For the troops themselves, the lessons of Ukraine have less impact on their training. The army did make some changes and this was reflected in the planned release of its new MDO (Multi-Domain Operations) doctrine in June, 2022. MDO is mainly about how to deal with near-peer forces that have troops, training and equipment similar to what the U.S. uses. The main near-peer adversaries were China and Russia and MDO was based on assumptions of how these adversaries would operate and how best to deal with that. Then reality intruded in February when Russia invaded Ukraine, and three months later the Russians continue to perform well-below MDO expectations. The army delayed the release of MDO until later in 2022. The army is also taking another look at comments made by their Ukrainian counterparts before and since the Russian invasion. The Ukrainians rated Russian capabilities more accurately than NATO or Russian experts. Now it is recognized that the Ukrainian ability to read and speak Russian and perceive the conditions in Russia and the Russian military was far more accurate than non-Ukrainians realized. The Ukrainian have been seriously studying this situation since 2014 but were having a hard time convincing most NATO nations. Poland, the Baltic States and other new NATO members agreed with the Ukrainians but were considered alarmist by the Cold War era NATO members. No more, the eastern Europeans now have NATO’s attention.

China is also paying attention and revising its war plans while the Russians are still in shock, even though much of what went wrong made sense based on what Western military historians knew of the post-Soviet Union Russian military.

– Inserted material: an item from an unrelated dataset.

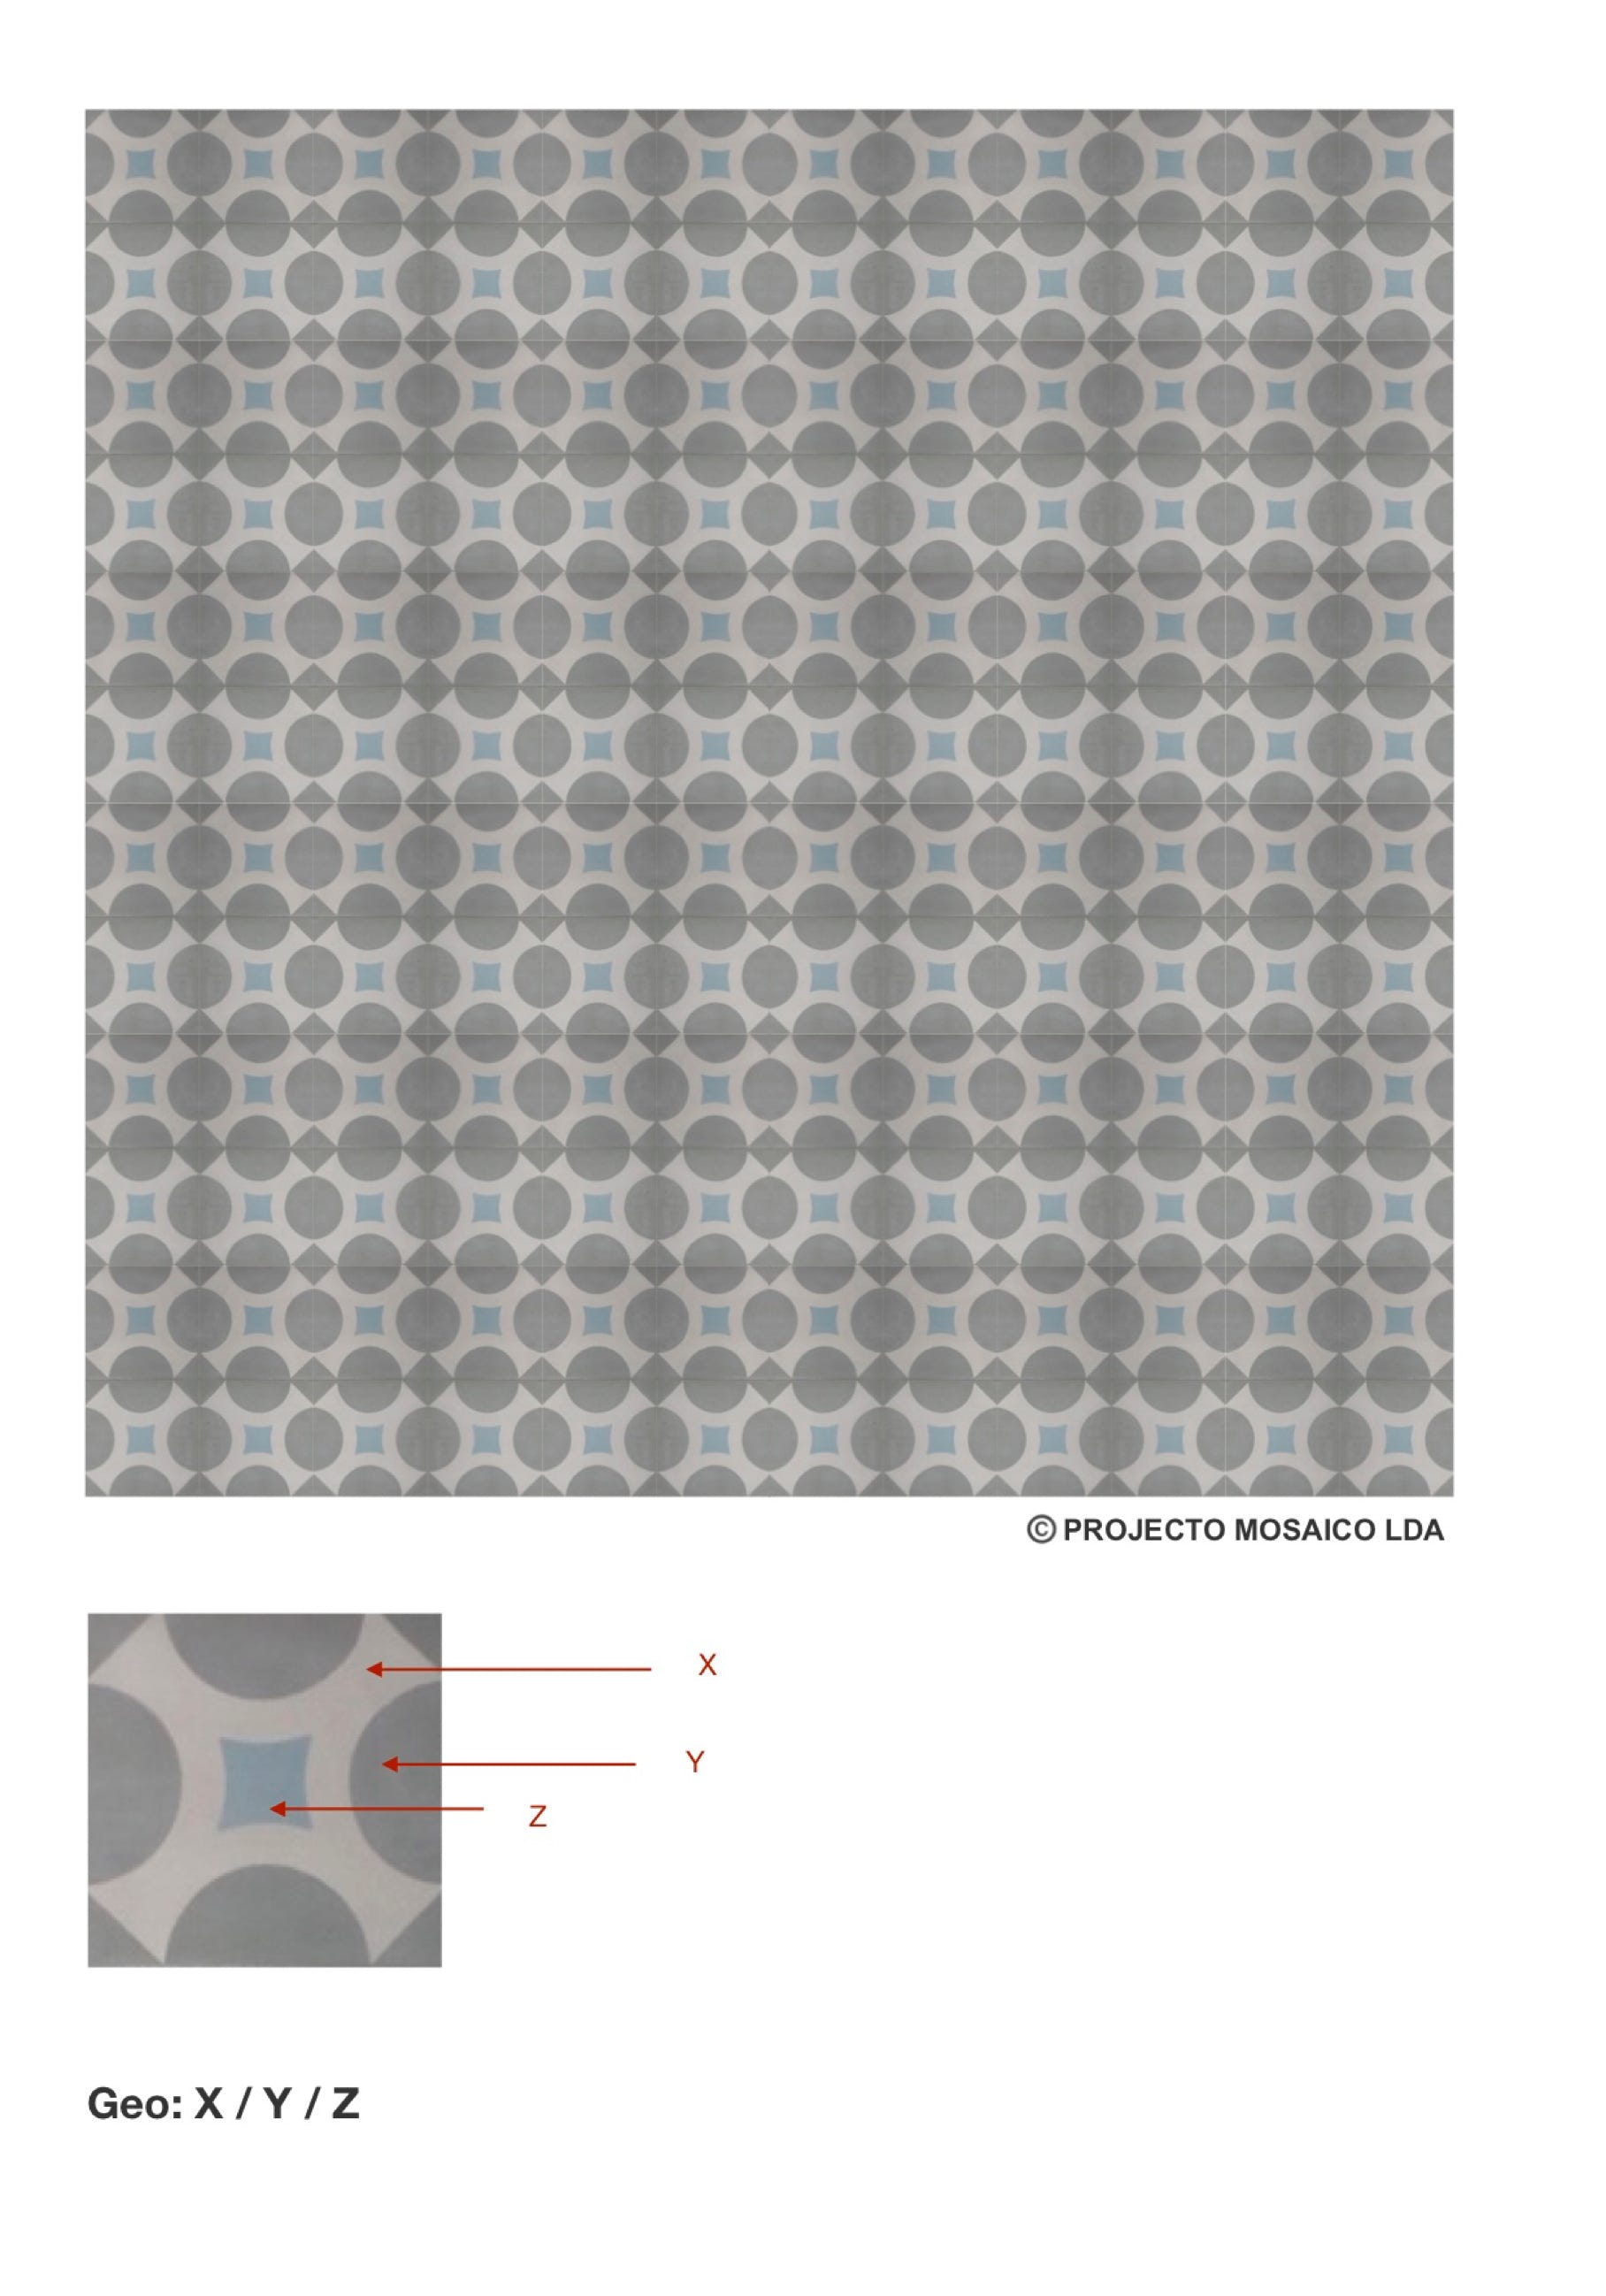 illustração de aplicação do mosaico hidráulico ref: Geo

The Russians' failures in recruiting, training, logistics and wartime production are nothing new. It was very obvious in wars Russia has been in since the 19th century. This was especially true in World War I and II as well as the Cold War. That reality was revealed in Afghanistan during the 1980s. After each of these debacles Russia vowed to change but that never worked. Military historians noted this happening since the 1990s but the official view (of intel agencies and senior military staff) was that the Russians were making real progress. They weren’t. There were some practical reasons for this.

History teaches that it is better to overestimate the enemy than underestimate. There are problems with this because if you go too far in overestimating your foes you come up with a less effective doctrine. There is no easy solution for this because in peacetime, which is most of the time for most militaries, it's easy for reality to be outvoted by political expediency. This problem is only recognized in wartime, something that is relatively rare and the unpleasant details more likely to be forgotten by policy makers. This includes some very practical matters, like railroads and railway equipment capable of moving military units quickly to where the fighting is. The U.S. depends on rail transport to get mechanized forces to ports while many nations need effective rail transport to more troops and supplies directly to the front. The Americans still haven’t fixed this problem and the Ukrainians demonstrated they had adapted better than the Russians.

Then there was the problem of maintaining adequate peacetime stocks of weapons and ammo as well as sustaining adequate levels of production during wartime. All NATO nations were warned of their unresolved problems in this area and now have to deal with it. For Russia it is worse because they underestimated or ignored their dependence on Western suppliers for key components. China was more realistic, and based their war plans on a short war or no war at all. That attitude is not fully appreciated by the West.